> **DATASET EXCERPT**
..........
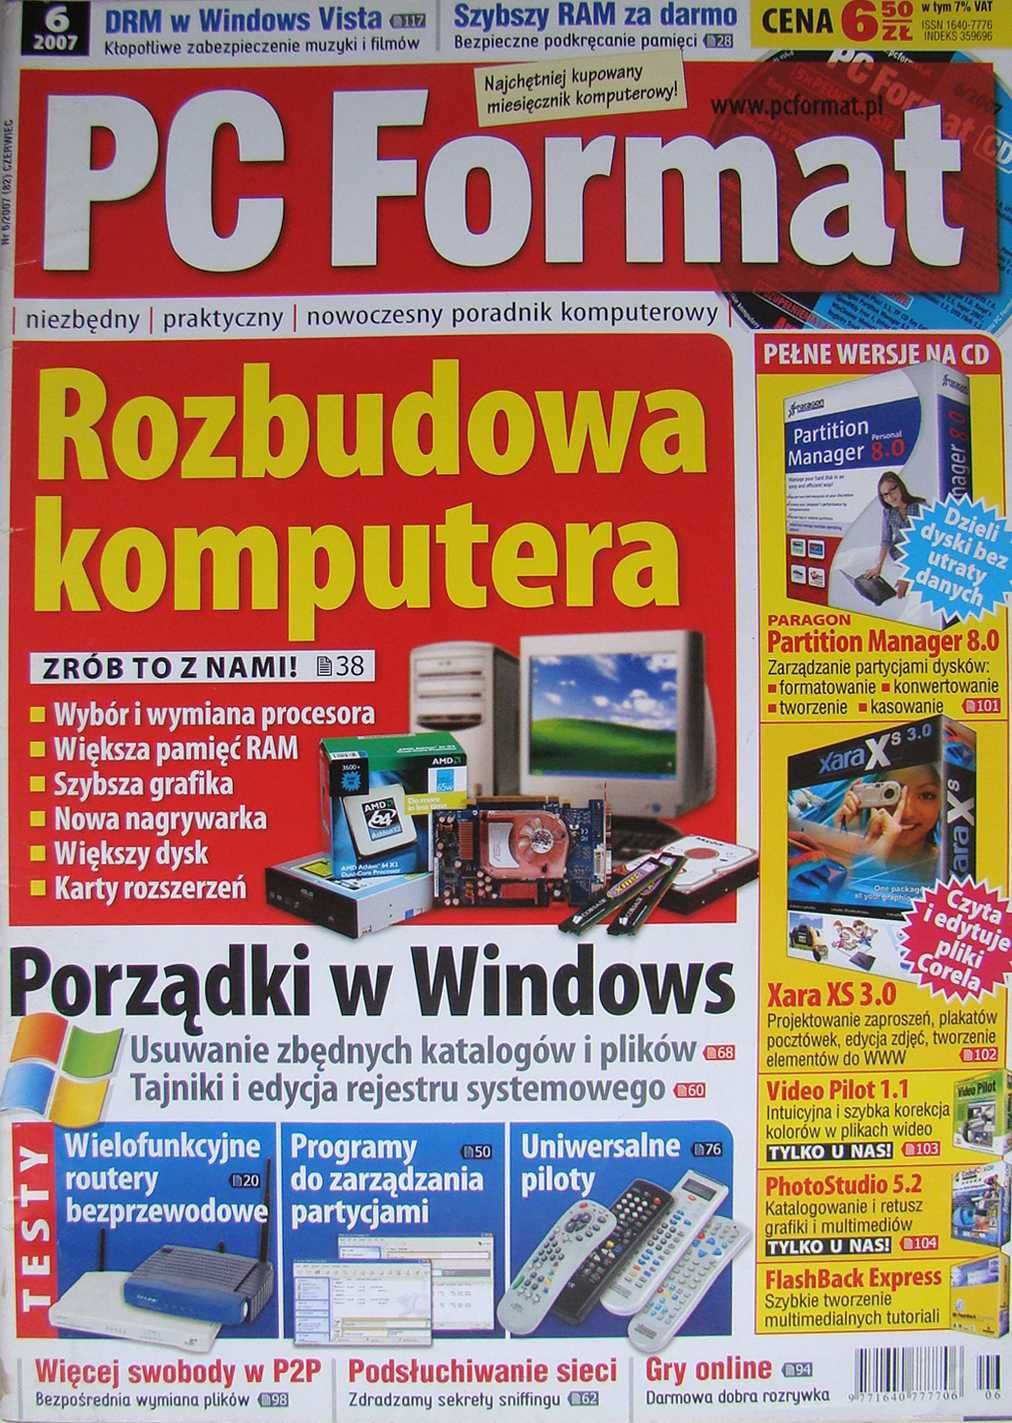 PC Format. Nr 1, 3-11. 2007. 10 egz. z dodatkami CD
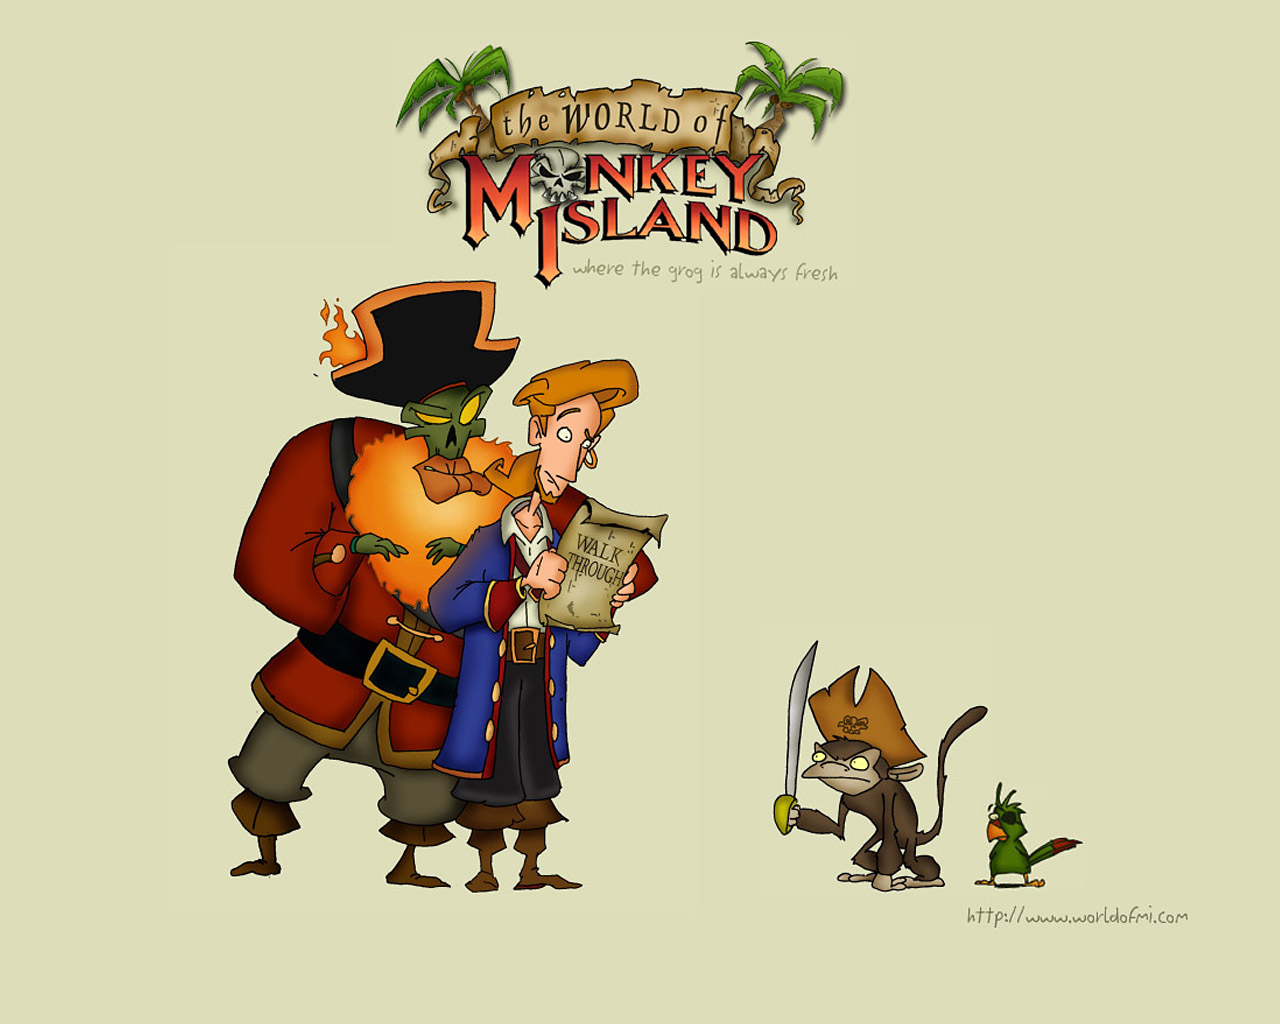 Laden Sie Tales Of Monkey Island HD-Desktop-Hintergründe herunter
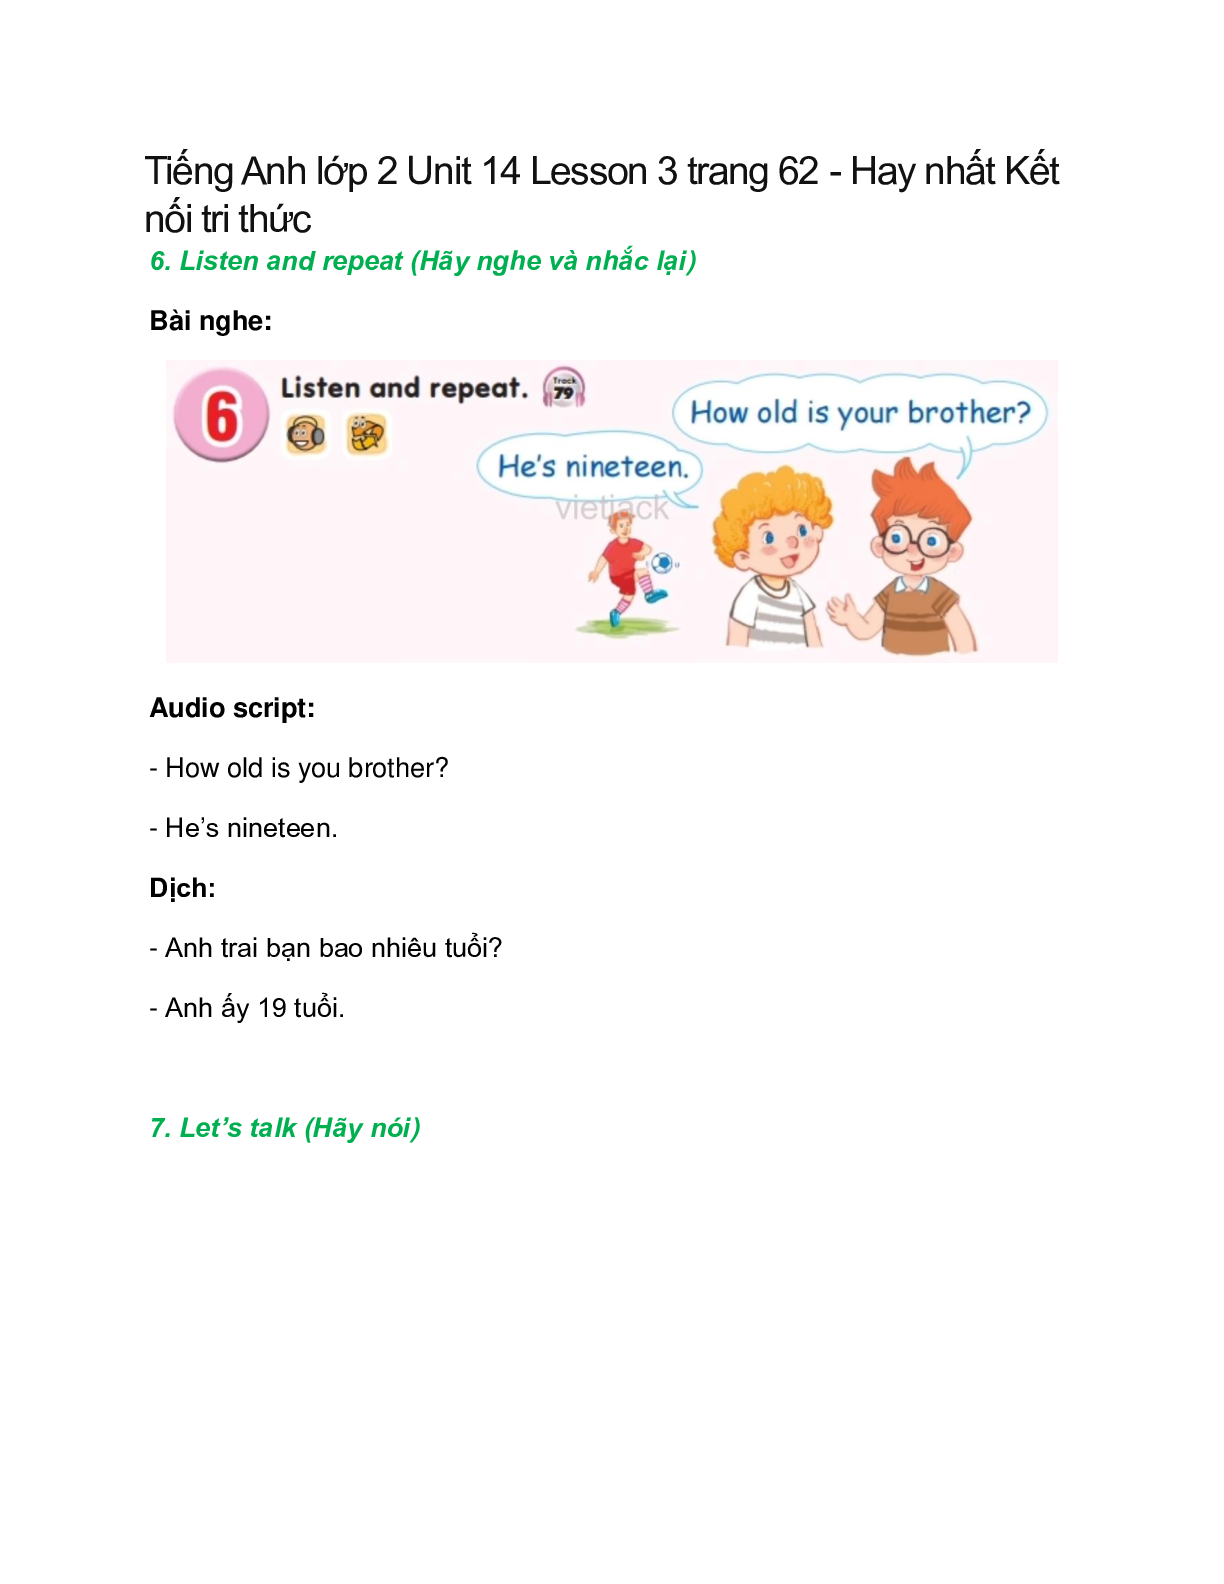 Tiếng Anh lớp 2 Unit 14 Lesson 3 trang 62 – Kết nối tri thức (trang 1)
..........
> **TASK STATEMENT**
Please reproduce the data above word for word, skipping all images.

> **SOLUTION**
 PC Format. Nr 1, 3-11. 2007. 10 egz. z dodatkami CD
 Laden Sie Tales Of Monkey Island HD-Desktop-Hintergründe herunter
 Tiếng Anh lớp 2 Unit 14 Lesson 3 trang 62 – Kết nối tri thức (trang 1)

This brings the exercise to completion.